Skip to content

Fine-tuning ResNet Models for Image Classification

This guide demonstrates how to fine-tune ResNet models for image classification tasks using FusionBench. The framework supports various ResNet architectures on different datasets.

Quick Start

Training a ResNet-18 Model on CIFAR-10

fusion_bench --config-name model_fusion \
    path.log_dir=outputs/resnet18/cifar10 \
    method=classification/image_classification_finetune \
    modelpool=ResNetForImageClassfication/transformers/resnet18_cifar10

This command will start fine-tuning a ResNet-18 model on the CIFAR-10 dataset using all available GPUs. The global batch size is determined by the number of GPUs multiplied by the batch size per GPU (specified as method.dataloader_kwargs.batch_size). The training outputs, including checkpoints and logs, will be saved in the specified directory (in this example, outputs/resnet18/cifar10).

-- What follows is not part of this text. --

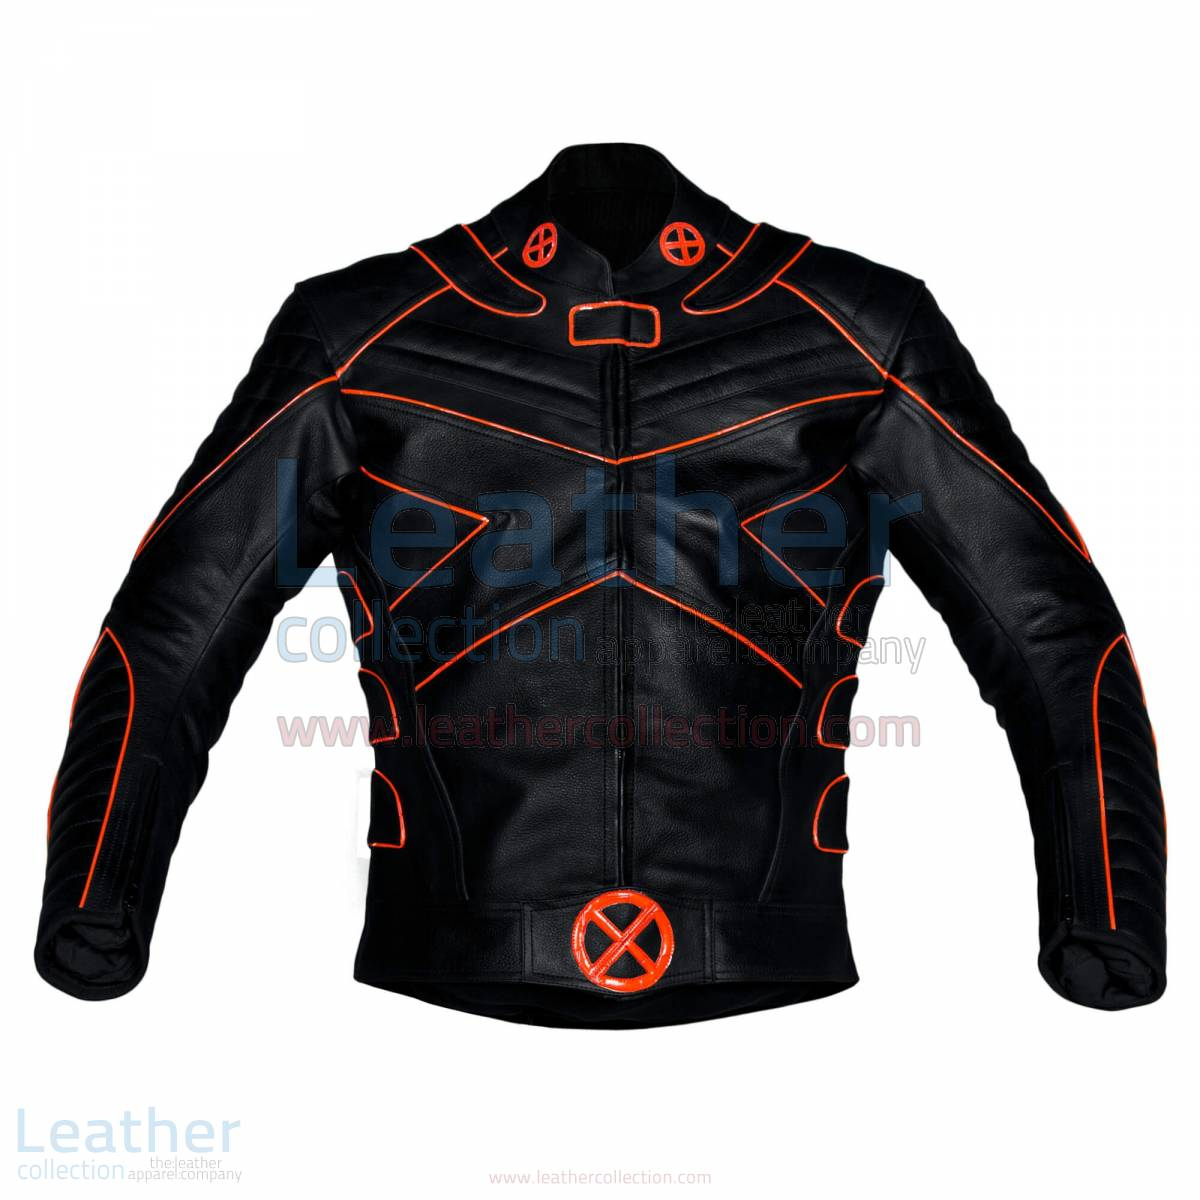 X-Men Motorbike Leather Jacket with Orange Piping

Testing the Fine-tuned Model

After training, test your model using the saved checkpoint:

fusion_bench --config-name model_fusion \
    method=classification/image_classification_finetune_test \
    method.checkpoint_path=<path_to_your_checkpoint> \
    modelpool=ResNetForImageClassfication/transformers/resnet18_cifar10

Example with actual checkpoint path:

fusion_bench --config-name model_fusion \
    method=classification/image_classification_finetune_test \
    method.checkpoint_path="outputs/resnet18/cifar10/version_0/checkpoints/epoch\=9-step\=1960.ckpt" \
    modelpool=ResNetForImageClassfication/transformers/resnet18_cifar10

Training Configuration

Default Training Parameters

The default training configuration (config/method/classification/image_classification_finetune.yaml) includes:

config/method/classification/image_classification_finetune.yaml
_target_: fusion_bench.method.classification.ImageClassificationFineTuning
max_epochs: 10
max_steps: null
label_smoothing: 0
optimizer:
  _target_: torch.optim.SGD
  lr: 0.001
  momentum: 0.9
  weight_decay: 1e-4
lr_scheduler:
  _target_: torch.optim.lr_scheduler.CosineAnnealingLR
  T_max: ${..max_epochs}
dataloader_kwargs:
  batch_size: 256 # batch size per GPU
  num_workers: 8
  pin_memory: true

Customizing Training Parameters

You can override any training parameter from the command line:

# Custom learning rate and batch size
fusion_bench --config-name model_fusion \
    method=classification/image_classification_finetune \
    method.optimizer.lr=0.01 \
    method.dataloader_kwargs.batch_size=128 \
    modelpool=ResNetForImageClassfication/transformers/resnet18_cifar10

# Different optimizer (Adam)
fusion_bench --config-name model_fusion \
    method=classification/image_classification_finetune \
    method.optimizer._target_=torch.optim.Adam \
    method.optimizer.lr=0.001 \
    modelpool=ResNetForImageClassfication/transformers/resnet18_cifar10

# Step-based training instead of epoch-based
fusion_bench --config-name model_fusion \
    method=classification/image_classification_finetune \
    method.max_epochs=null \
    method.max_steps=5000 \
    modelpool=ResNetForImageClassfication/transformers/resnet18_cifar10

Testing Configuration

The testing configuration (config/method/classification/image_classification_finetune_test.yaml) includes:

config/method/classification/image_classification_finetune_test.yaml
_target_: fusion_bench.method.classification.ImageClassificationFineTuning_Test
checkpoint_path: null
dataloader_kwargs:
  batch_size: 256
  num_workers: 4
  pin_memory: true

Testing Options

# Test with checkpoint
fusion_bench --config-name model_fusion \
    method=classification/image_classification_finetune_test \
    method.checkpoint_path="path/to/checkpoint.ckpt" \
    modelpool=ResNetForImageClassfication/transformers/resnet18_cifar10

# Test without checkpoint (using pretrained weights)
fusion_bench --config-name model_fusion \
    method=classification/image_classification_finetune_test \
    modelpool=ResNetForImageClassfication/transformers/resnet18_cifar10

Monitoring Training

View training progress using TensorBoard:

cd outputs
tensorboard --logdir .

The following metrics are logged: - Training and validation loss - Top-1 and Top-5 accuracy - Learning rate schedule - Device statistics (GPU utilization, memory usage)